Elija cualquiera de los (xi), siempre que al menos dos de ellos son diferentes. Establecer una intercepción β0 y la pendiente β1 y definir
y0i=β0+β1xi.
This fit is perfect. Without changing the fit, you can modify y0 to y=y0+ε by adding any error vector ε=(εi) to it provided it is orthogonal both to the vector x=(xi) and the constant vector (1,1,…,1). An easy way to obtain such an error is to pick any vector e and let ε be the residuals upon regressing e against x. In the code below, e is generated as a set of independent random normal values with mean 0 and common standard deviation.
Furthermore, you can even preselect the amount of scatter, perhaps by stipulating what R2 should be. Letting τ2=var(yi)=β21var(xi), rescale those residuals to have a variance of
σ2=τ2(1/R2−1).
This method is fully general: all possible examples (for a given set of xi) can be created in this way.
Examples
Anscombe's Quartet
We can easily reproduce Anscombe's Quartet of four qualitatively distinct bivariate datasets having the same descriptive statistics (through second order).
![Figure]()
The code is remarkably simple and flexible.
set.seed(17)
rho <- 0.816 # Common correlation coefficient
x.0 <- 4:14
peak <- 10
n <- length(x.0)
x <- list(x.0, x.0, x.0, c(rep(8, n-1), 19))
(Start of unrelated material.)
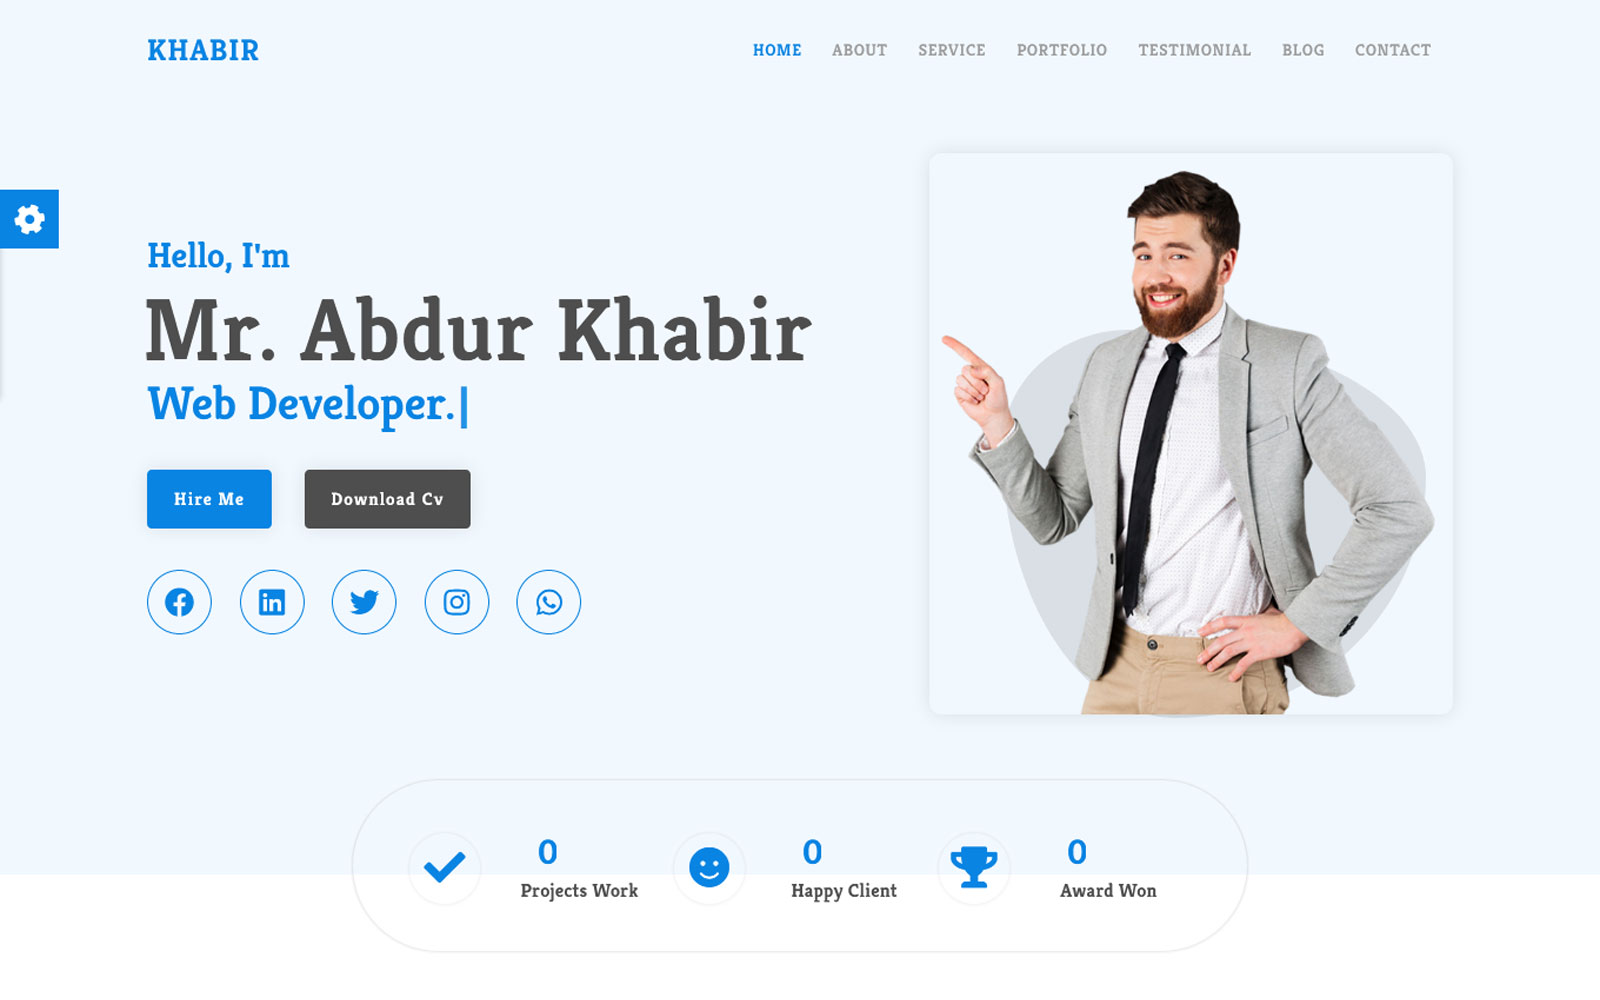 Al-Khabir - Creative Portfolio CV/Resume Landing Page Template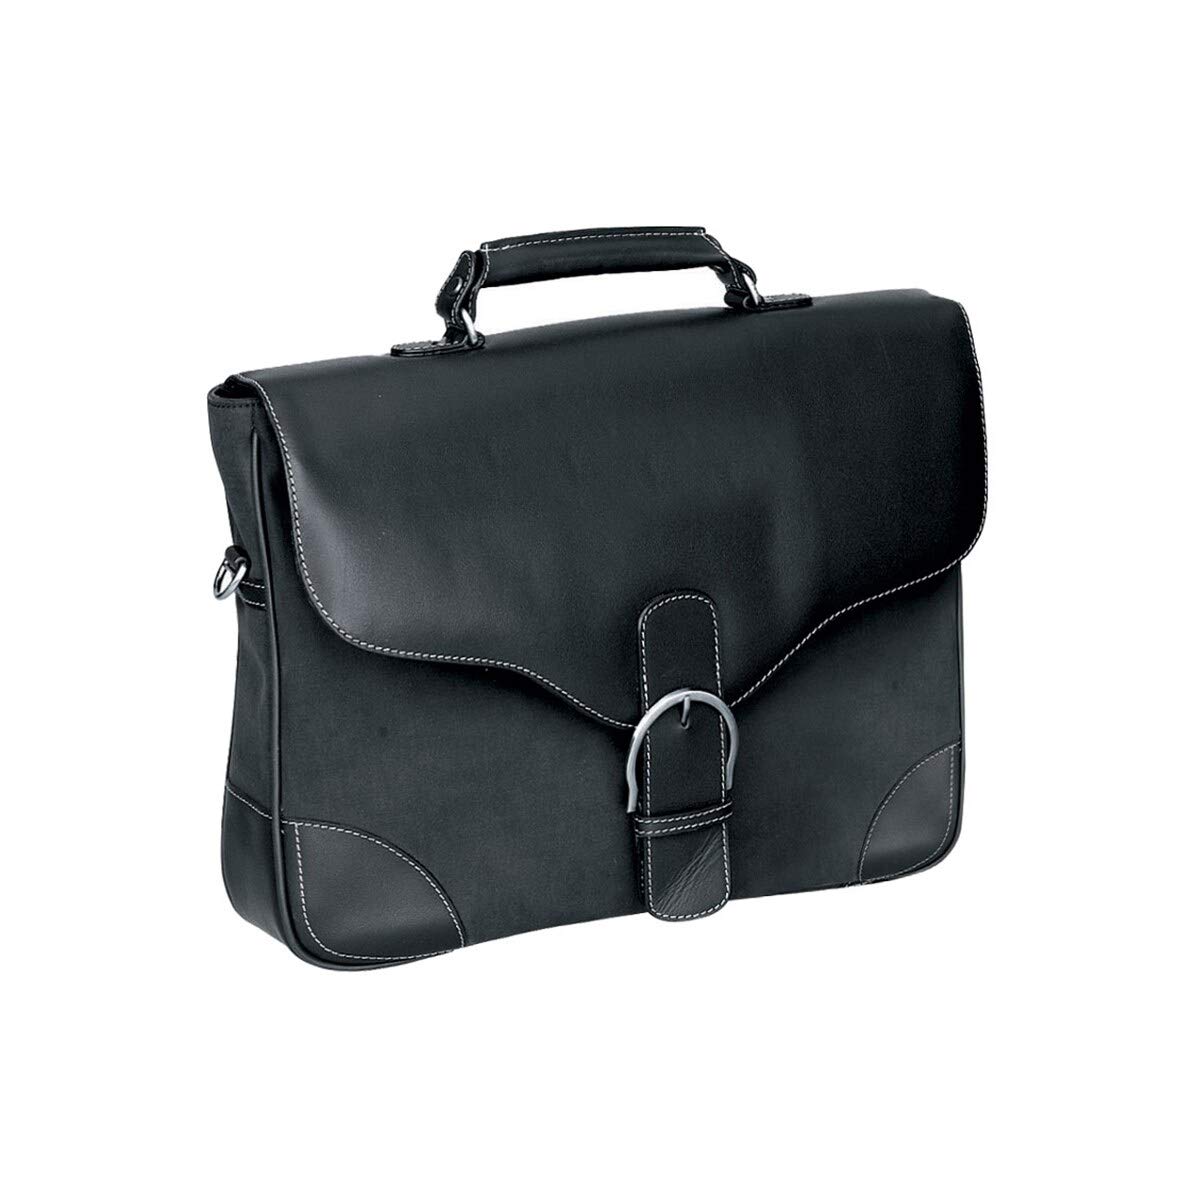 Goodhope Bellino Diplomat Black Leather/Fabric Messenger Bag

e <- list(rnorm(n), -(x.0-peak)^2, 1:n==peak, rnorm(n))
f <- function(x) 3 + x/2 # Common regression line
par(mfrow=c(2,2))
xlim <- range(as.vector(x))
ylim <- f(xlim + c(-2,2))
s <- sapply(1:4, function(i) {
y <- f(x[[i]])
sigma <- sqrt(var(y) * (1 / rho^2 - 1))
y <- y + sigma * scale(residuals(lm(e[[i]] ~ x[[i]])))
plot(x[[i]], y, xlim=xlim, ylim=ylim, pch=16, col="Orange", xlab="x")
abline(lm(y ~ x[[i]]), col="Blue")
c(mean(x[[i]]), var(x[[i]]), mean(y), var(y), cor(x[[i]], y), coef(lm(y ~ x[[i]])))
})
rownames(s) <- c("Mean x", "Var x", "Mean y", "Var y", "Cor(x,y)", "Intercept", "Slope")
t(s)
The output gives the second-order descriptive statistics for the (x,y) data for each dataset. All four lines are identical. You can easily create more examples by altering x
(the x-coordinates) and e
(the error patterns) at the outset.
Simulations
This R
function generates vectors s according to the specifications of β=(β0,β1) and R2 (with 0≤R2≤1), given a set of x values.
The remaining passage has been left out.